Some cities have reacted by implementing arrival taxes on cruise passengers. If your ship docks at Barcelona for 12 hours or more you’ll pay 4.75 euros (3 euros regional fee and 1.75 euros city surcharge). Amsterdam visitors arriving on a cruise pay 8 euros. It’s only valid for boats that dock for the day – if your cruise starts or ends in Amsterdam, or if you’re staying overnight in the city, you’re exempt.

It’s not just cruise ships that charge landing taxes for arriving by sea, however. Italy has the “contributo di sbarco” or disembarkation contribution that non-resident passengers must pay when arriving on islands, whether by public ferry or private boat. The price is set by local authorities.

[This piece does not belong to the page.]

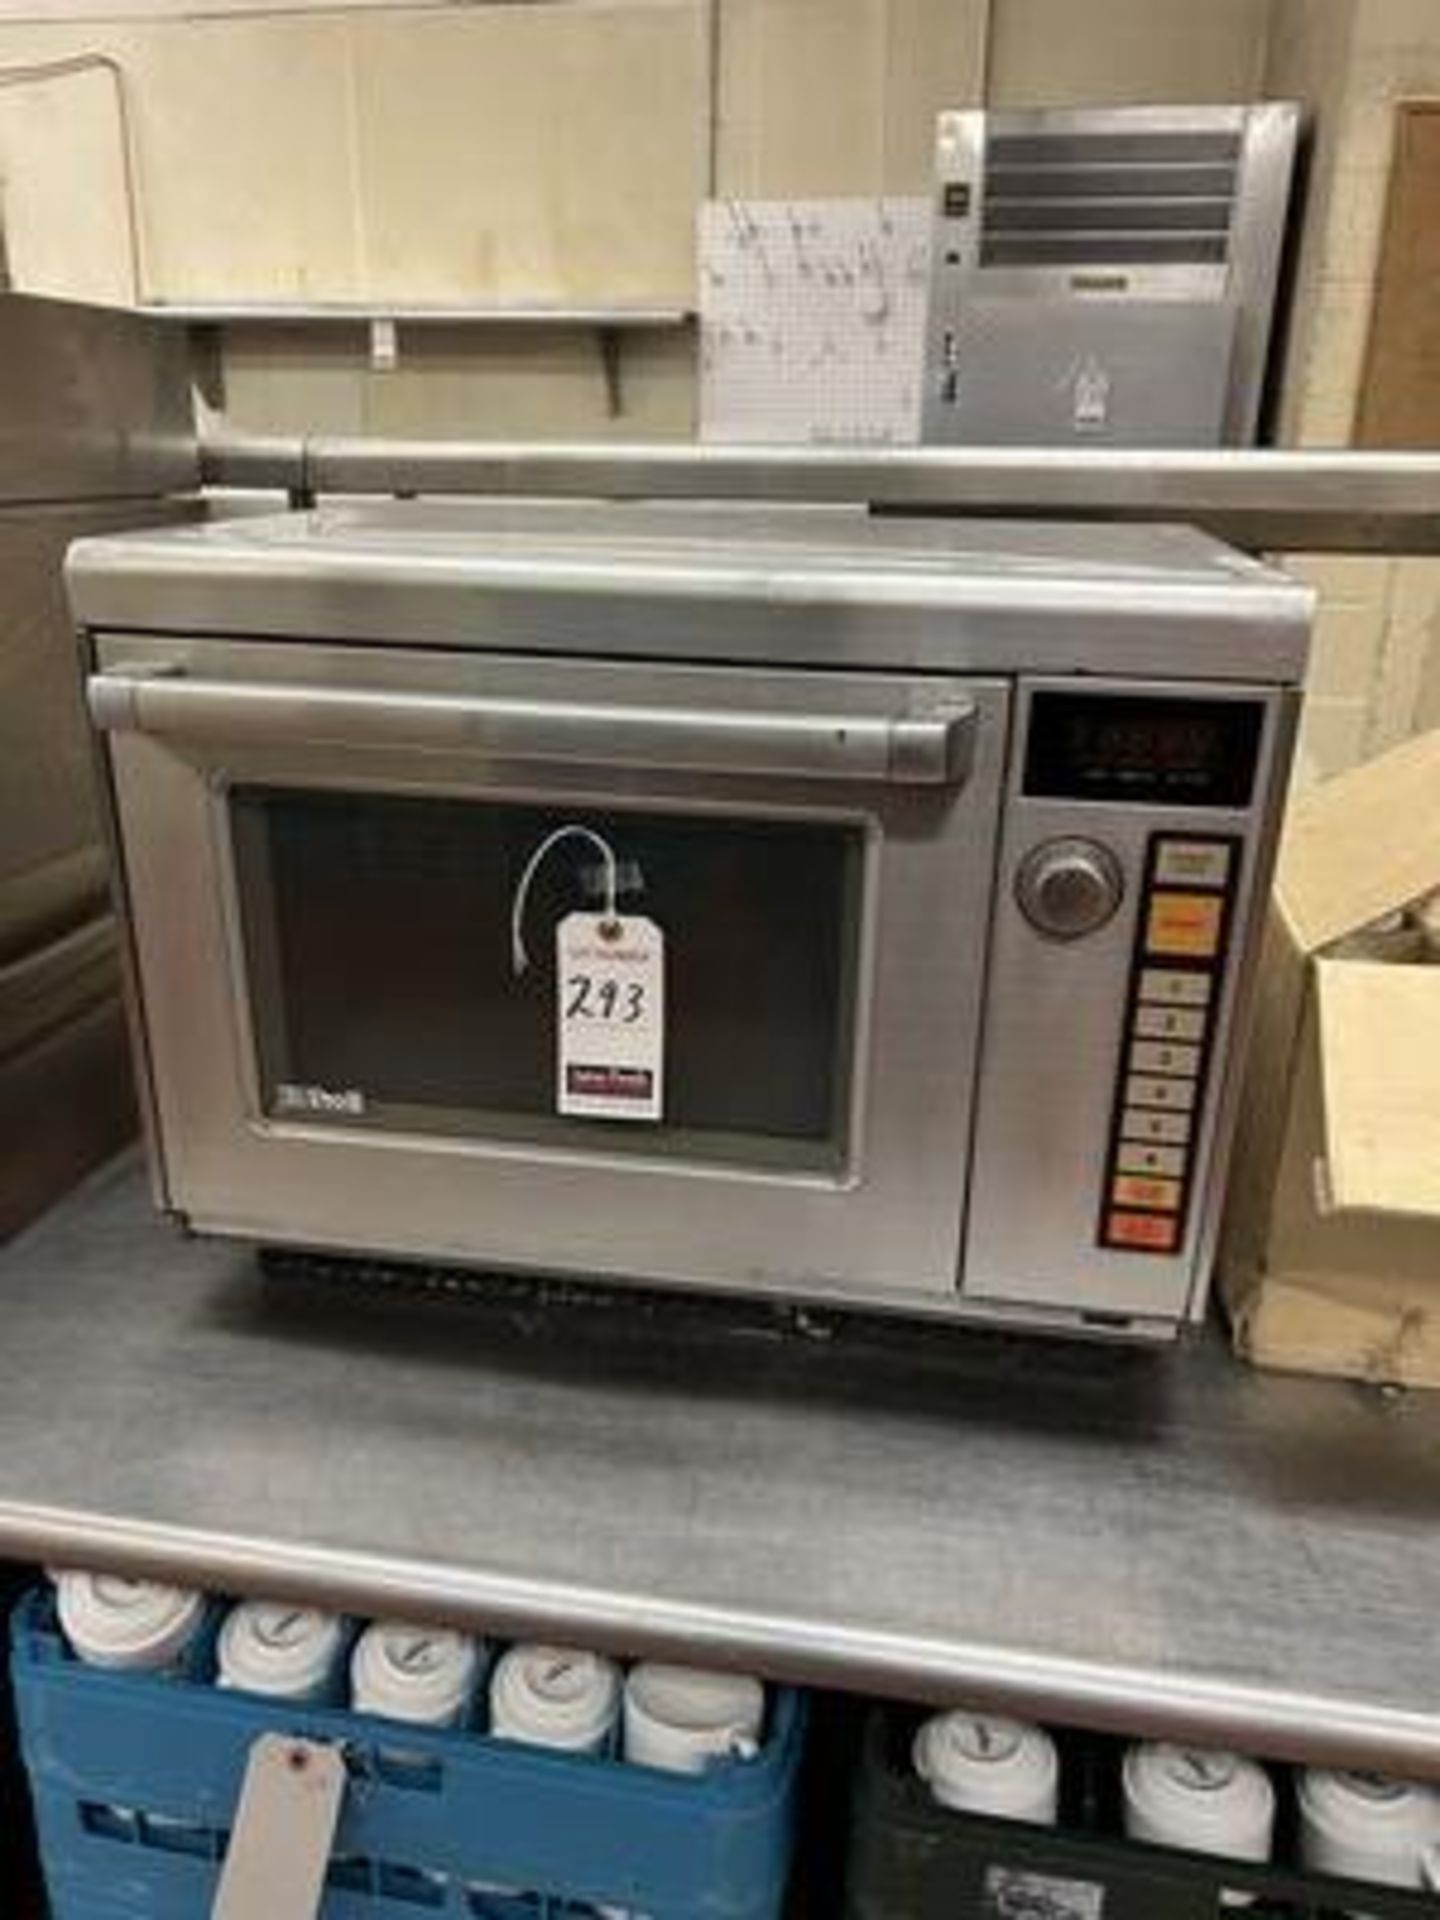 PRO II DIG. MICROWAVE OVEN

Pretty Olhão, in Portugal, introduced a tourist tax in 2023.

Yes – essentially, the more popular the place, the more you’ll pay. Stay in Barcelona, for example, and as well as the regular Catalonia tourist tax, you’ll be in line for a “city surcharge” imposed on stays in the region’s capital.

Amsterdam charges 7% of the hotel rate plus 3 euros per person per night.

In Vienna, it’s 3.2% of the total room rate, excluding breakfast and sales tax, and then lopping off 11% of the remainder. It works out as about 2.5%.

In Portugal, three municipalities on the tourist-filled Algarve coastline charge tourist tax: Faro, Vila Real de Santo António and Olhão, which introduced a fee (1 euro in the winter, 2 euros otherwise) in 2023.

Crucially, the posher your accommodation, the more you pay. In Rome, for example, staying in a three star hotel incurs a 4 euro nightly tax, but a four star hotel is 6 euros and five stars is 7 euros.

In Venice, the tax goes from 1 euro per person per night in a one star hotel, to 5 euros in a five star. The tax is only payable for the first five nights, in a bid to get people to stay longer.

And in Paris, it ranges from just 0.20 euros for a one star property to 5 euros per person per night in a swanky “palais” hotel.

In France overall, the charges vary by both municipality and class of accommodation – ranging from 0.20 euros to 4.20 outside Paris.

While in Greece, it’s done solely by the type of accommodation, with charges ranging from 0.50 euros to 4 euros per room per night.

The much mooted “contributo di accesso” or entrance fee to Venice – which has been repeatedly postponed since first being proposed for 2019 – is now slated for 2024. Charges have been announced as starting at 3 euros on a quiet day to 10 euros at peak times.

However, this charge is only for day-trippers, who are thought to form 90% of the visitor numbers, add little to the local economy but cause plenty of problems in the city. If you’re staying overnight, you’ll already have paid the overnight “city tax” and will be exempt.

No. Many US states charge “accommodation taxes,” for starters – plus many US hotels add on a “resort fee” too, which doesn’t even go to the community. The taxes are also standard in the Caribbean, where they’re commonly added to hotel fees. There’s an entrance tax on tourists arriving in New Zealand, and a departure tax for vacationers departing from Japan.